Sidewalk in suburbia. An actual neighborhood — fifty, sixty years old — instead of a housing development/subdivision. Nine out of ten streetlights shedding a sulphurous mist just post sunset. New sidewalk. New cracks. Brick bungalows maybe ten yards back from the roadway. Mailboxes a lesson in suburban diversity.
A crow followed me from lightpost to lightpost. I didn’t notice until just after the third one — when he swooped by at arm’s length and waited for me at the next one.
I slowed to a halt and stuck out a raincoated arm. He fluffed up on the post, considering, then dropped down in a less-than dramatic swoop, ending up on my forearm.
Even though I’d been acting like I expected it, I was caught off guard. I couldn’t tell you whether he weighed more like a grapefruit or a bowling ball. Adrenaline surged while I thought of what to do next.
I thought about the neighborhood I was in. I hazarded, “What up, my nigga?”
He cocked an eye at me the way birds do, where everything you say or do requires them to look at you in a funny way. “Hello,” it said.
Of course. “So this is where I get the lecture about political correctness in my greetings?”
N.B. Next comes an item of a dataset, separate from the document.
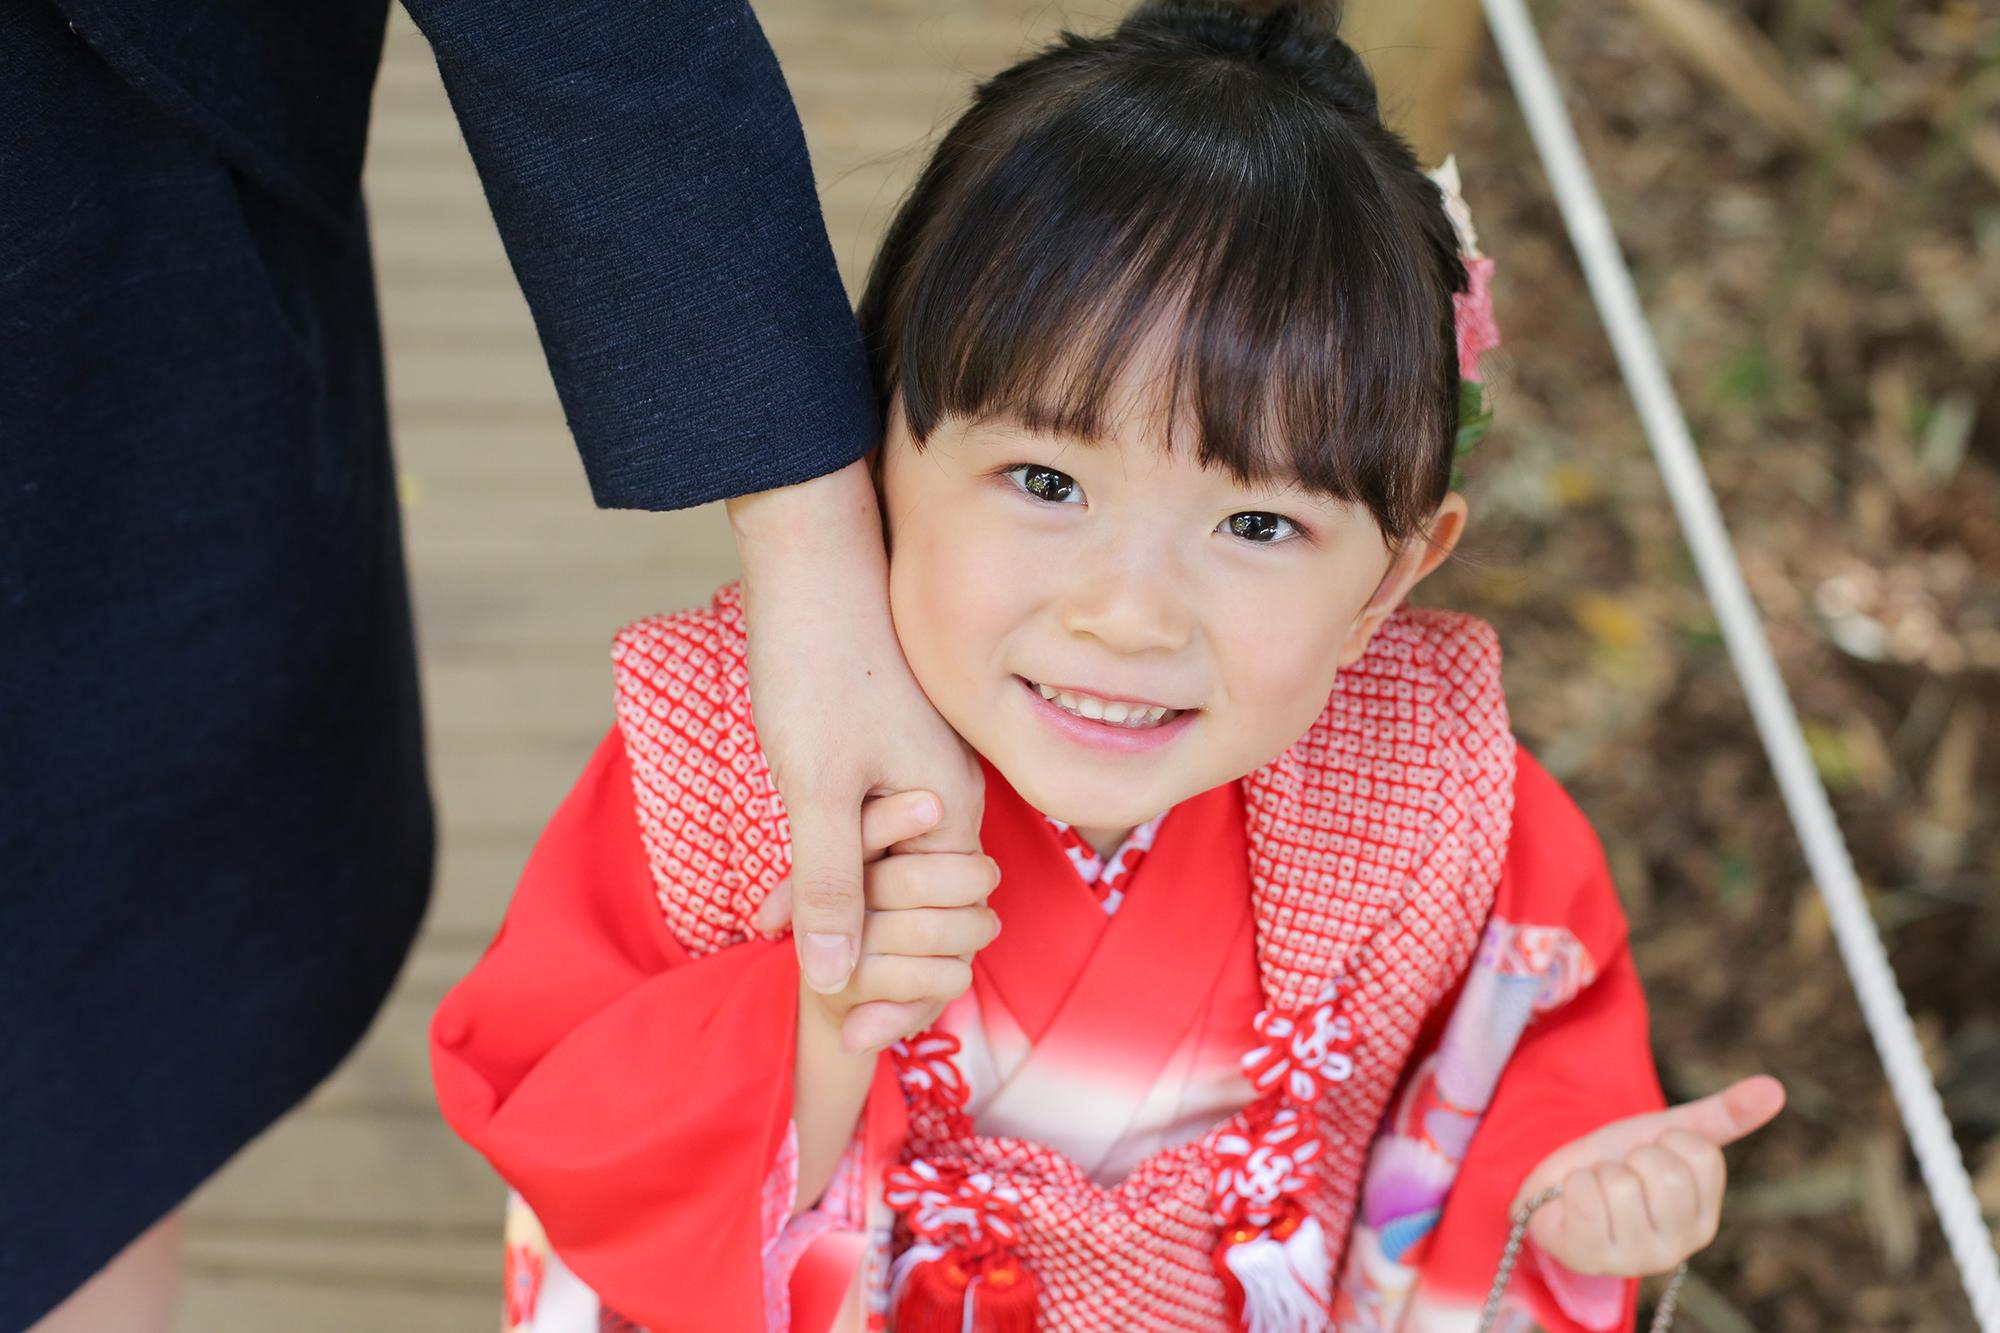 にこにこ笑顔の3歳女の子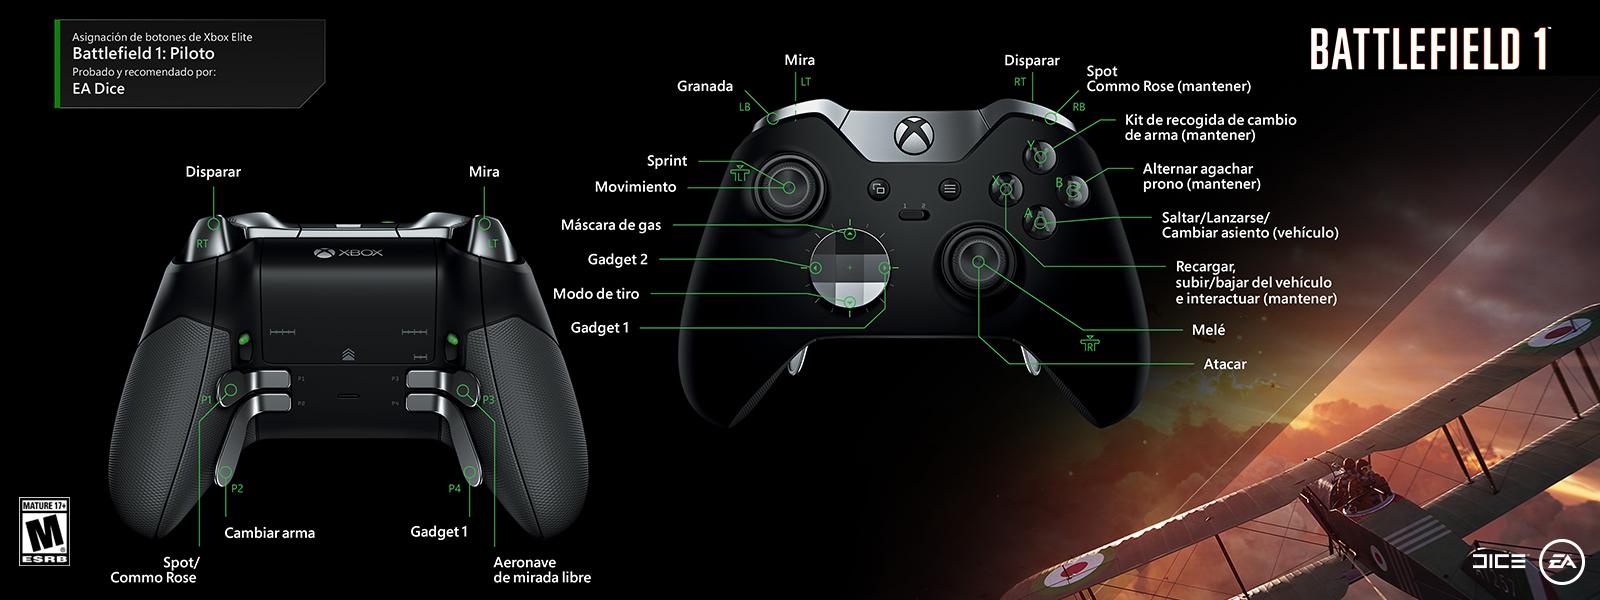 Battlefield 1: piloto (asignación de funciones del control Elite)

“Hello,” it said. I sighed.
“Hello,” I replied.
He bounced up and down, the way a bird will when it’s testing a branch to see if it’s springy enough to help with take-off.
“Gum?” it asked. “Hello.”
I was, in fact, chewing gum. I rolled it to the tip of my tongue and presented it.
The crow bounced gently up to my shoulder and pecked the gum expertly off the tip of my tongue.
“Hello,” it said, unmuffled by its beakful, and flew off into the trees behind a nearby house.
“Aloha,” I replied. “Don’t let it drag the ground unless the streets are clean,” I called out after it.
I have no idea what I meant. My own special version of Tourette’s Syndrome. It sounded like good advice regardless.
The footsteps that had been shadowing me for the past quarter mile kept their distance. Hell, I would have, too.